Catherine Deneuve, for example, fell for him at the end of a photo session for a spread in Playboy.

Talking to Bailey’s ghost writer, the journalist James Fox, Deneuve said, “I was attracted to Bailey. To me he was not like an Englishman in the way he talked and moved and the way he did things—he was always very passionate and enthusiastic.”

This was in 1965. Little more than two months later they married. When she moved into Bailey’s house in London she discovered that she was sharing it with 60 parrots that were living, uncaged, in the basement, and had a habit of moving upstairs. (The metaphor is tempting: releasing strong spirits from conventional constraints, i.e. Bailey from the constraints of class.)

“They were the residents” says Deneuve. “I was definitely the guest… it was not a very long marriage but it was a very nice relationship. Nothing was complicated.”

In 1967 Bailey met Penelope Tree, the striking young daughter of a rich Anglo-American couple: “In looks and style she was ahead of everyone, a complete original. She was like a mixture of an Egyptian Jiminy Cricket and Bambi. Her legs went up to her neck.”

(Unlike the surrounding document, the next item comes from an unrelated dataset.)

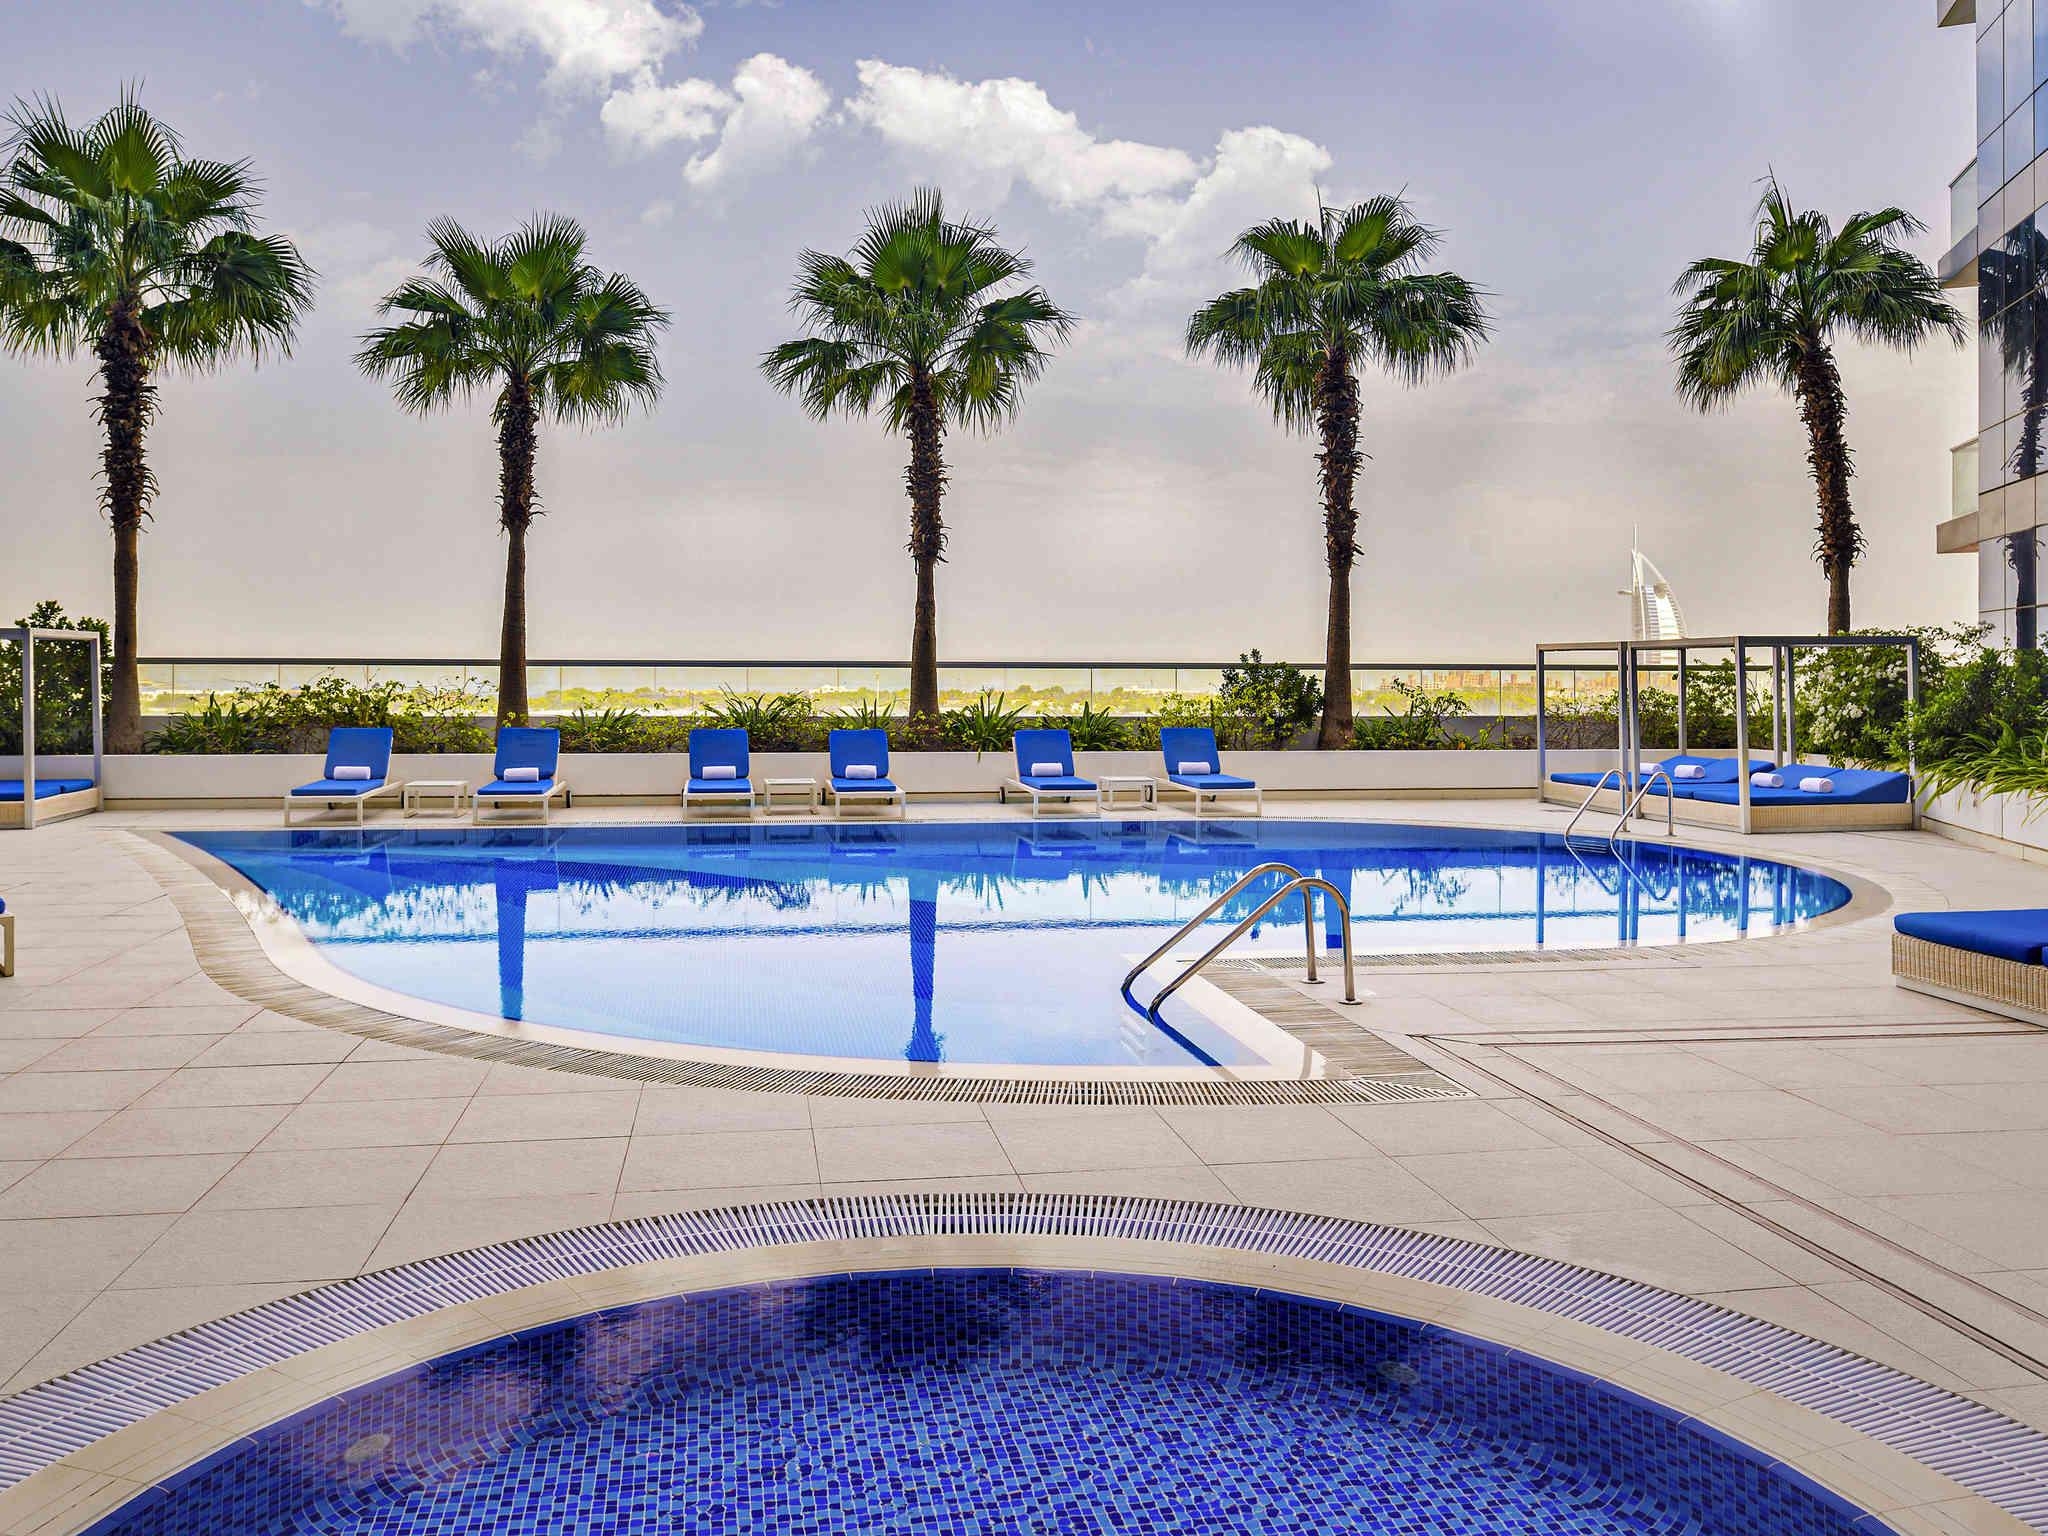 โรงแรม – อพาร์ทโฮเทล อดาจิโอ พรีเมียม ดูไบ อัล บาร์ชา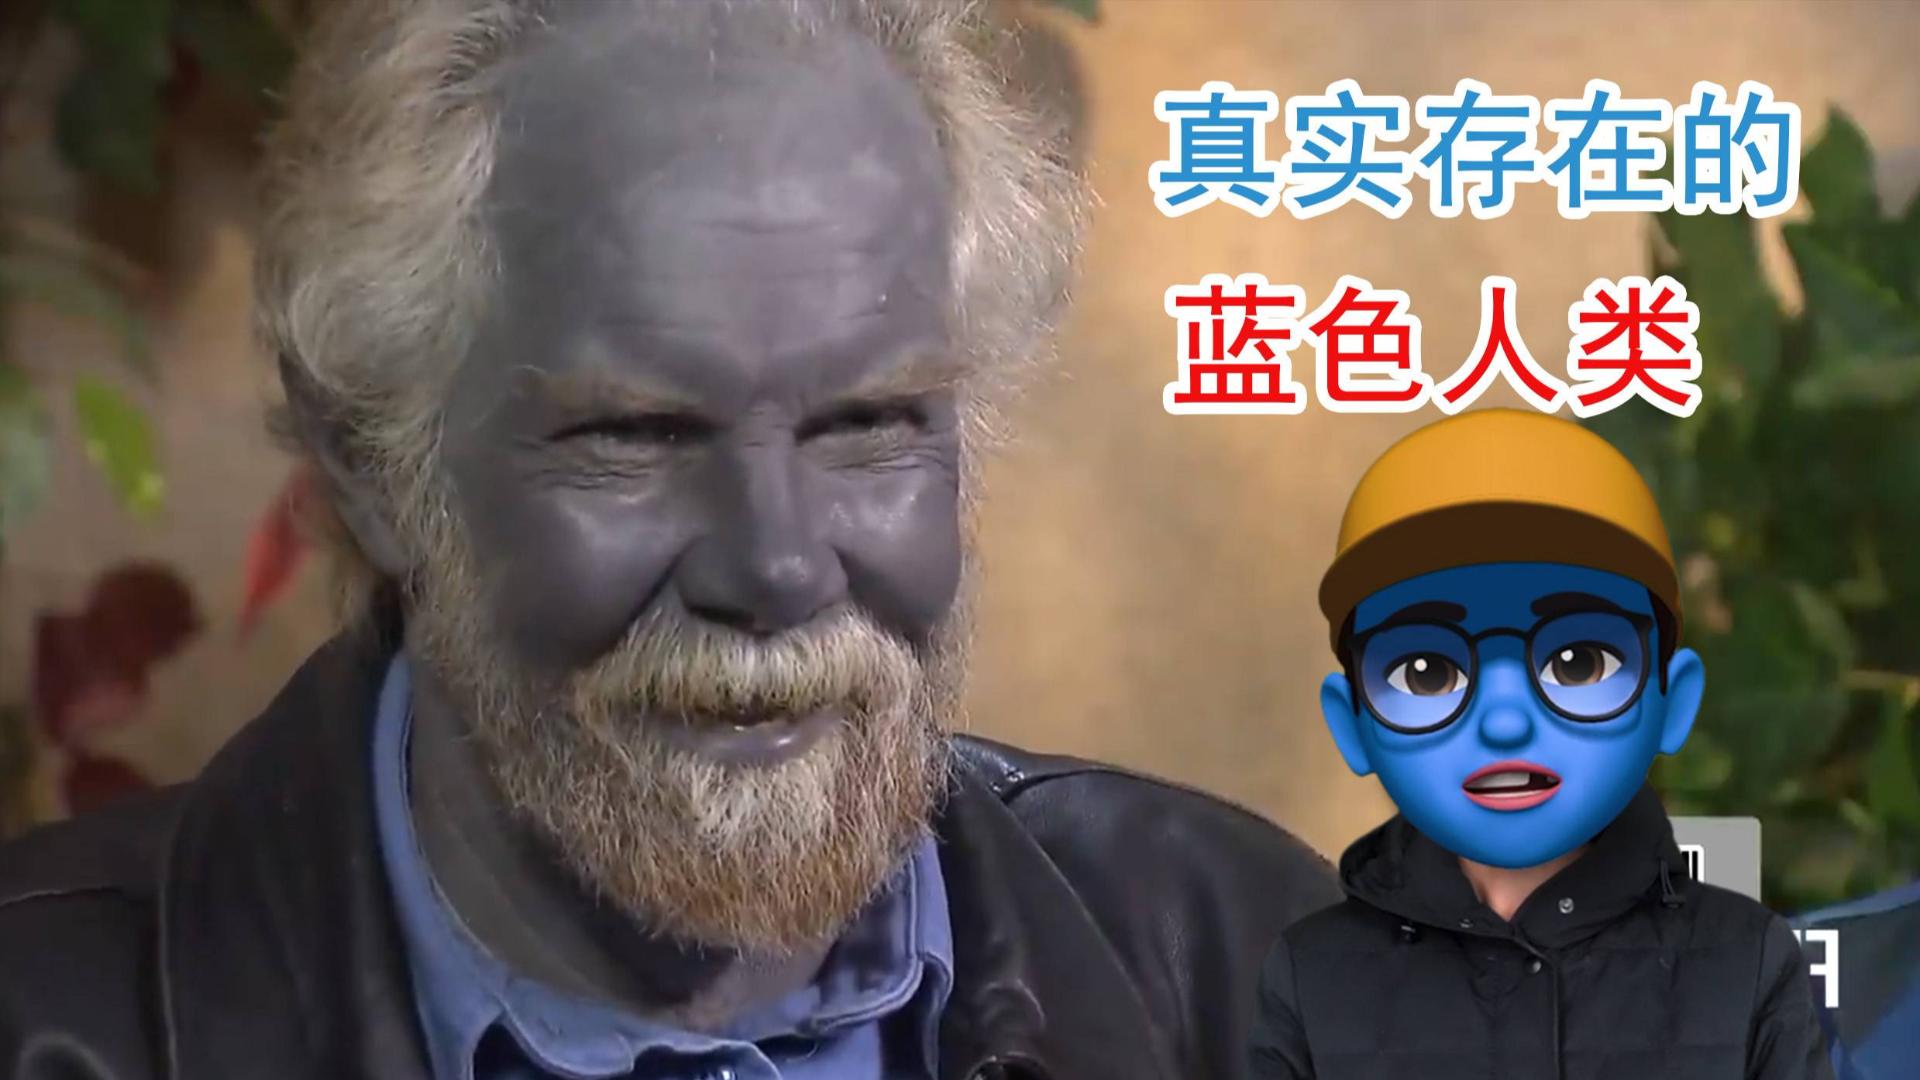 真实存在的蓝色人,蓝朋友

She was 17. Other photographers had already taken portraits of her—Diane Arbus and Richard Avedon.

Bailey concedes that Avedon’s shots of her were the best ever taken “much better than mine.”

This puzzled Bailey. Avedon, he says, thought there was no sex in photography. “I think photography is all sex. He never fucked anyone, Avedon, I think he was non-sexual. I was with three girls he really liked, including Penelope, and I’d slept with all of them.”

He didn’t sleep with Tree until 1968, when she was 18, on a shoot in Paris, and then she went to London to live with him for six years.

Fifty years later she told Fox that in the living room she found a centerpiece that looked like a shrine: “…photographs of all his past girlfriends, all in little gold frames, all the same size. It was like notching up kills on the side of Air Force planes.”

When Fox and Bailey began looking up Bailey’s old lovers and wives it was obvious that eventually they would have to seek out Shrimpton. Bailey and Shrimpton had not met for years, and she had long been happily married.

They went to her home and retreat, a clapboard house in remote Cornwall.

Shrimpton said she hated being famous. She joshed him: “Why are you writing this book? Is it because you want to stay famous?”

Bailey gave an unconvincing denial. There was more mutual teasing, until they found familiar ground in their memories of their golden youth.

“I was young then” said Bailey. “It’s nice seeing you. It’s funny, if you hadn’t fucked off and left me for Terence Stamp we’d still be together.”

“No, we wouldn’t be,” Shrimpton said, firmly.

“No, we wouldn’t but we might have been,” said Bailey.

“In your dreams,” she replied.

Bailey married Catherine Dyer in 1981, when she was 20. They met when she was modeling for a shoot for Italian Vogue. It turned out that she had gone to the same finishing school as Shrimpton.

“I think her parents thought she was a nice girl—until we got together, and then she was a naughty girl. They were horrified.”

He recalls: “I could see some things in her, like I saw in Jean, that nobody else did. It was always the same thing. It’s always the intelligent ones that are good.”

They have three children and I thought they looked very content and grounded together. Had he finally become a family man, I wondered?

In his book Bailey is straightforward about his domestic life, or lack thereof as he works without stint: “My basic attitude to children and to marriage is that it’s nothing to do with me. It’s something other people want to do… I’ve never really wanted children… a pram in the hallway is the end of creativity.”